Pertemuan Banyak Simpul
50 Perempuan Pekerja Seni seluruh Indonesia berkumpul untuk saling menguatkan. |
(Semacam ulasan dan refleksi kegiatan untuk mengabadikan semangat baik
Peretas Berkumpul 01)
Satu hari sebelum konfirmasi
terakhir keberangkatan peserta Peretas Berkumpul 01 aku sempat ragu dan dilema.
Aku sangat senang karena mendapatkan kesempatan yang luar biasa dan mungkin
tidak akan pernah terulang lagi dalam hidupku. Namun terus terang ada ketakutan
yang menyelinap di dada.
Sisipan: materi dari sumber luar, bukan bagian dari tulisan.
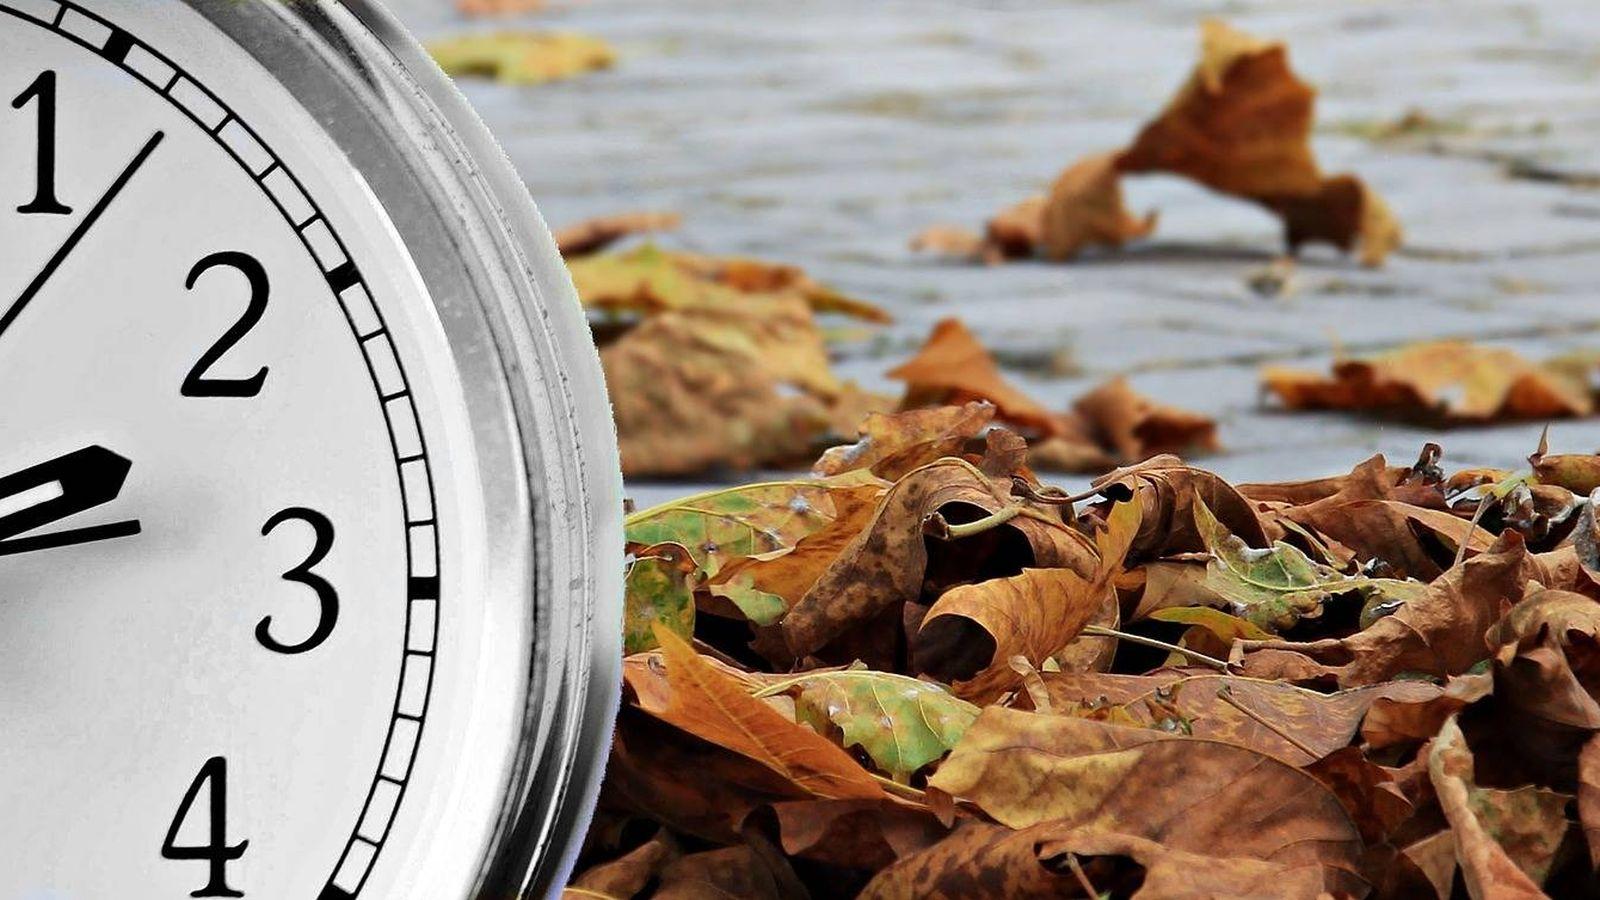 Foto: El horario de invierno llega a la vez en toda Europa (Pixabay)

Pertama, karena ini adalah pertamakalinya aku pergi ke
luar pulau sendirian (tanpa teman atau keluarga, benar-benar sendiri). Kedua,
ketika mendengar kata Poso ada banyak sekali kemungkinan-kemungkinan buruk yang
terlintas di kepala (aku cukup overthinking).
Untuk mematahkan ketakutan yang kedua dan meyakinkan diri untuk berangkat, sebelum
menghubungi mba Yuri via email aku
sempat mengontak beberapa teman yang berdomisili di Sulawesi untuk memastikan Poso aman dan tidak seperti yang
dikabarkan oleh media. Akhirnya dengan keyakinan yang kuperoleh dari informasi
yang terbatas, aku memutuskan untuk berangkat dan keluar dari zona nyamanku
selama ini. Dan keputusan yang kuambil sangat tepat, karena jika tidak, mungkin
aku tidak bisa memaafkan diriku sendiri karena tunduk pada ketakutan yang
berlebihan itu, seumur hidupku.
Aku pergi dengan segala hal yang
repot, sebab menjelang hari keberangkatan aku masih disibukkan dengan urusan
penerbitan novel pertamaku yang semuanya kulakukan sendiri. Mulai dari kontak
dengan penerbit, angkat-angkat kotak, mengantar buku kepada pembeli, sampai
mengurus sendiri acara launching
buku. Aku terbang menuju Makassar dengan perasaan lelah, takut dan jengkel.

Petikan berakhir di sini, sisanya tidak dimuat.